To address this issue, we curated a catalog of 20 and 21 genes that function mainly as regulators of RNA and DNA methylation, respectively (Fig. 1a). The genome-wide omics data comprising of 11,080 human samples across 33 cancer types from the The Cancer Genome Atlas (TCGA) were obtained for analyses (please see Methods and Table S1). First, most of the m6A and 5mC regulators were found to exhibit comparable expression levels across the 33 cancer types (Supplementary Fig. S1). Basing on the Gene Set Cancer Analysis (GSCA) web server [8], we further assessed the gene set differential expression profiles among 14 cancer types with available paired tumor-normal tissue expression data. Across multiple cancer types, the differentially expressed genes (upregulated or downregulated) included both m6A and 5mC regulators (Supplementary Fig. S2). Then, we investigated the mutation frequencies of the m6A and 5mC regulators. Intriguingly, m6A and 5mC regulators exhibited comparable levels of mutation frequency, and significant co-occurrences of genetic alterations were observed between the two regulators (Fig. 1b). Our results showed correlated expression patterns for genes within the same regulator class and even high correlations between the expression of m6A and 5mC regulators (Fig. 1b). Moreover, these m6A and 5mC regulators interacted with one another frequently in protein-protein interaction networks (Fig. 1d).

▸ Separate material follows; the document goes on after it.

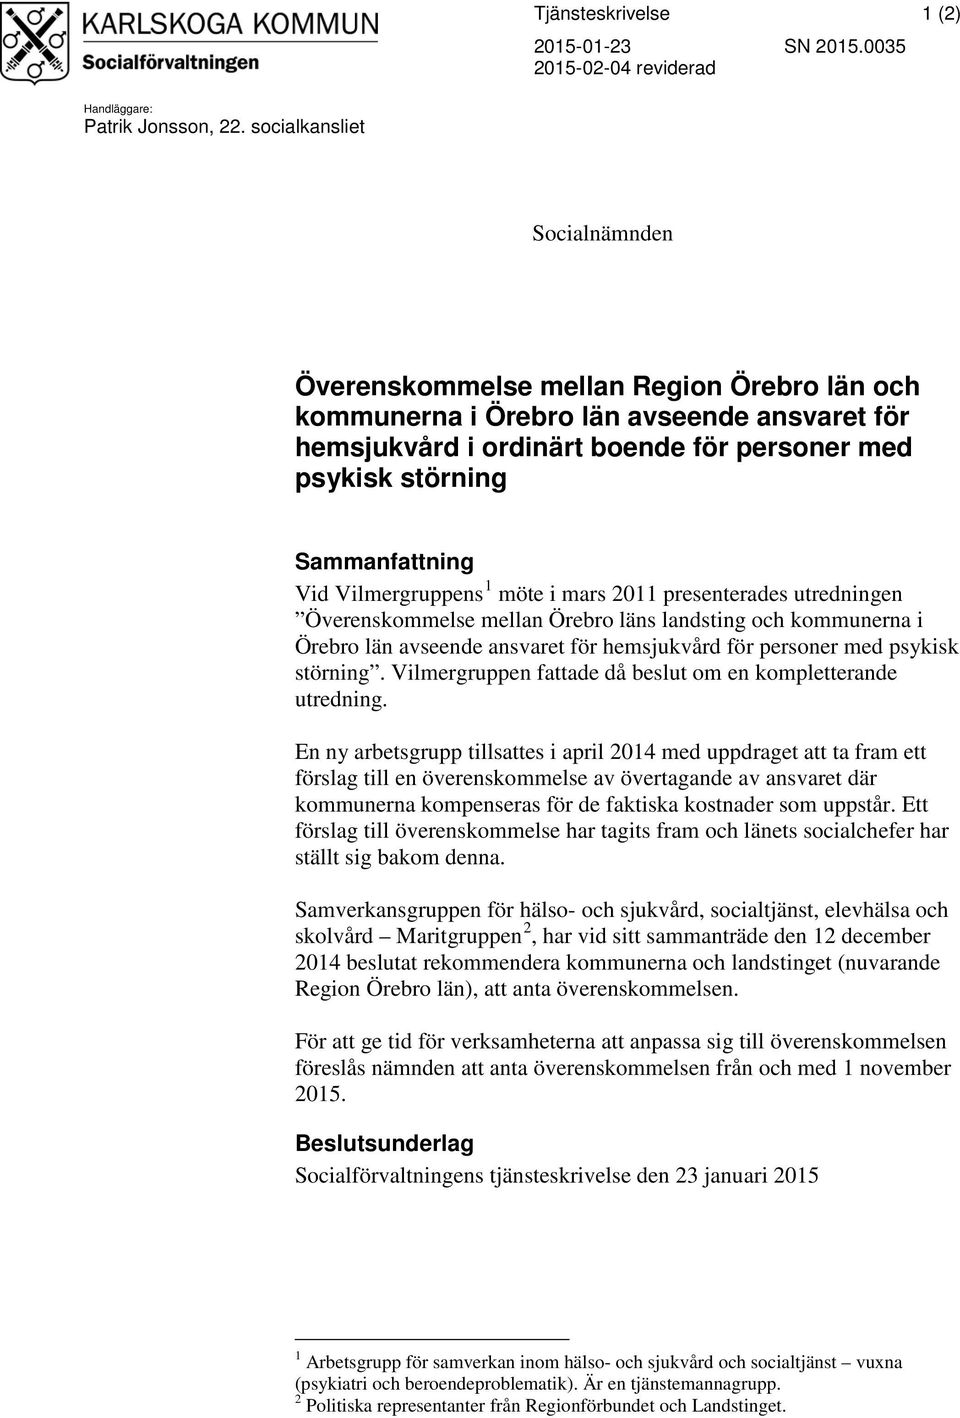 Vid Vilmergruppens 1 möte i mars 2011 presenterades utredningen Överenskommelse mellan Örebro läns landsting och kommunerna i Örebro län avseende ansvaret för hemsjukvård för personer med psykisk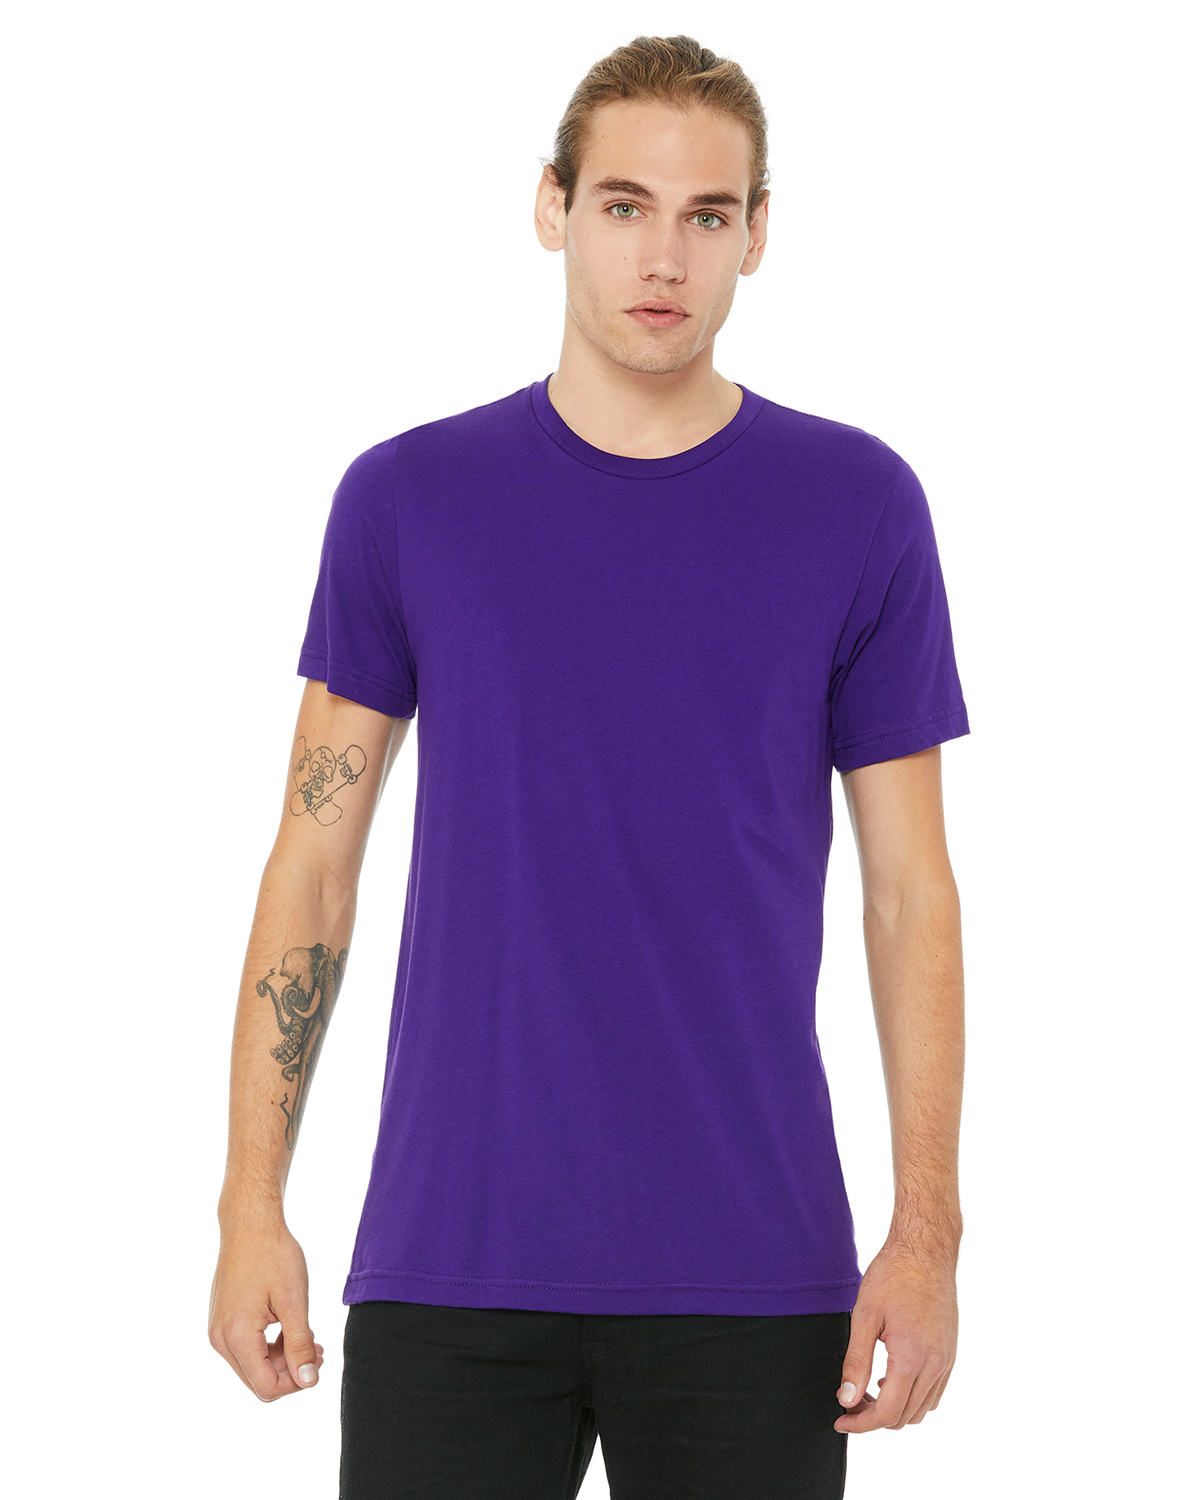 purple color jersey

To identify the hub regulators involved in RNA and DNA methylation, we then applied weighted gene coexpression network analysis (WGCNA) to determine the hub genes in m6A and 5mC regulators (Fig. 2a). Strikingly, the number of hub m6A regulators was highly correlated with that of hub 5mC regulators in different cancer types (R = 0.84; Fig. 2b), which may be explained by the cross-talk. We then combined the hub m6A/5mC genes to develop an epigenetic module eigengene (EME), which may reflect both the pre- and post-transcriptional modification statuses. Next, we examined the correlation between EMEs and the activity of hallmark oncogenic pathways (Fig. 2c). Interestingly, our results indicate that high expression of the EME may reflect a highly proliferative and aggressive status in the majority of tumors. In addition, we applied GSCA [8] to analyze the effect (activation or inhibition) of m6A/5mC regulators on cancer-related pathways and confirmed that the m6A and 5mC regulators may be functionally related (Supplementary Fig. S3).
In addition to the tumor compartments, we further investigated the associations between the EME and immuno-stromal signatures representing different statuses of the immune and stromal cells (Table S2) across cancer types. In general, relatively low expression of inflammatory markers and low infiltration of immune cells were observed in the EMEhigh versus EMElow subgroups across cancer types (Fig. 2d). Interestingly, the high enrichment of stromal-related signatures was observed in the EMEhigh subgroups in almost all cancer types, indicating that hub m6A/5mC regulators may generally be involved in stroma activation (Fig. 2d).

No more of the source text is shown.